Parallelware Trainer is an Integrated Development Environment designed to facilitate the learning, usage, and implementation of OpenMP/OpenACC parallel programming, along with the ability to test the performance improvements of particular parallel implementations.
The tool detects candidate loops for parallelizeing with OpenMP and OpenACC and provides parallel constructs for such loops.
It supports the C and C++ programming languages as well as multi-threading, tasking (loop-level only) and GPU offloading paradigms using both OpenMP and OpenACC.
Using Parallelware Trainer¶
Parallelware Trainer has a graphical user interface. Thus, you need to connect to a NERSC host either using the NoMachine client or enabling X11 forwarding (with
-Y) if you decide to use
You’ll need to load the pwtrainer module:
module load pwtrainer
Although it is not compulsory, most of the time you will want to build and run your code from Parallelware Trainer. Therefore, you should also load the modules required to build and run your code.

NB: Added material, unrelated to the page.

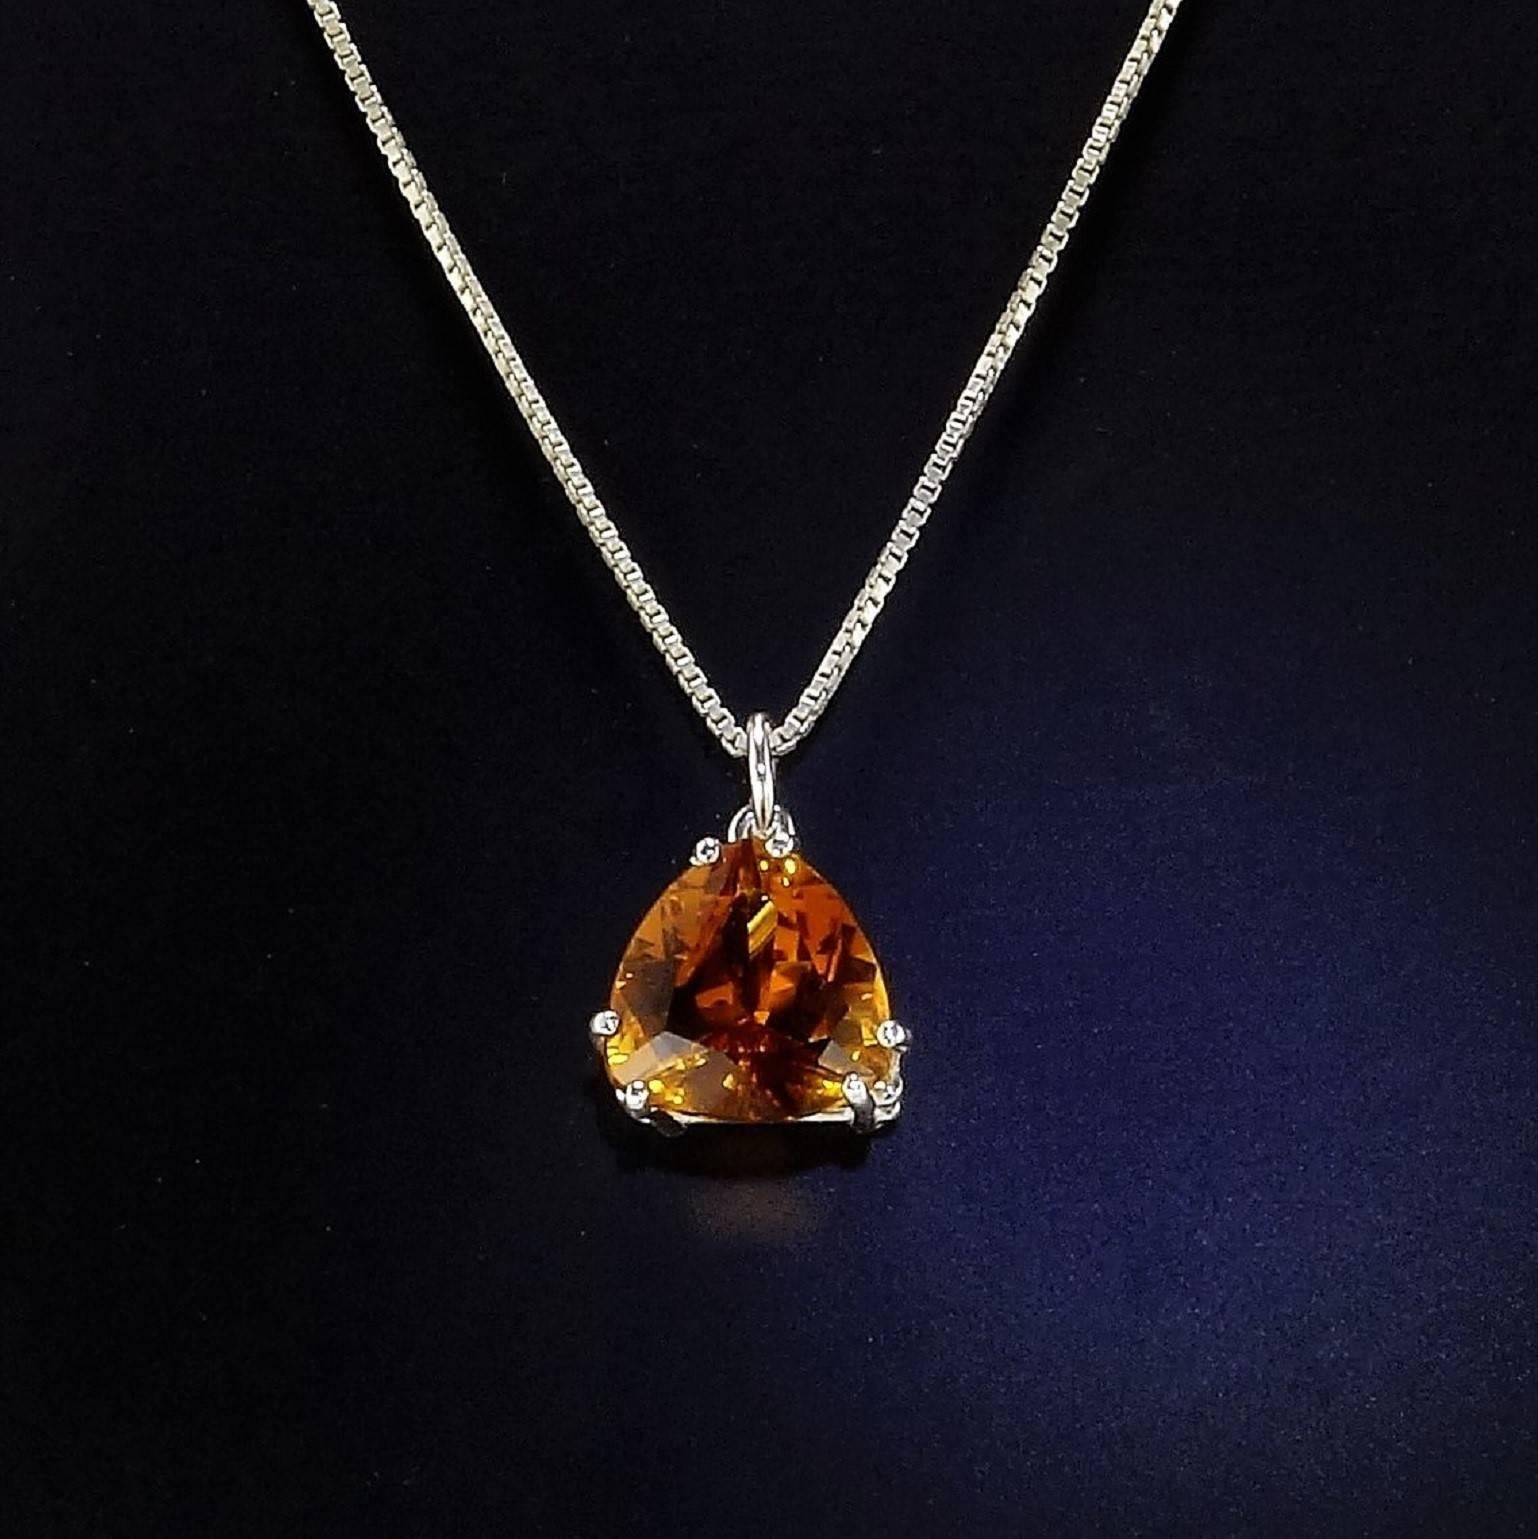 Sparkling, deep golden color Trillion Citrine in Sterling Silver Pendant. 12mm x 12mm. 5.97ct. This is a lovely wear everywhere pendant. This color brightens up everything.
Citrine is the November birthstone.

You need to run Parallelware Trainer on compute nodes in an interactive batch job. This is especially true when your code is using Cray MPI, Cray SHMEM, UPC, etc., as your code will fail to run on login nodes. Note also that it is against the NERSC policy to run compute-intensive work on login nodes.
Parallelware Trainer comes with bundled examples that you can use to get to know the tool and learn different parallelization strategies. You can install them through the 'Help > Install Examples' menu option:
You can open any folder containing code to start working right away without having to do any kind of project setup. Simply go to 'File > Open Project' and open either one of the examples you installed through the Install Examples menu option or any other folder with code:
You can then open a source code file by double-clicking it in the Project explorer panel on the left. Parallelization opportunities will be shown as green circles in the corresponding line number:
You can click them to create different parallel versions of the loop using multi-threading, tasking (loop-level only) and GPU offloading paradigms with OpenMP or OpenACC:
After creating different versions of the code you can build and run them from Parallelware Trainer to experiment and compare their performance:
Parallelware Trainer will also detect and report defects and recommendations right in the code editor:
We strongly recommend that you take a look at the user manual to get to know all the functionalities of Parallelware Trainer. You can access it through the 'Help > Open User Manual' menu option.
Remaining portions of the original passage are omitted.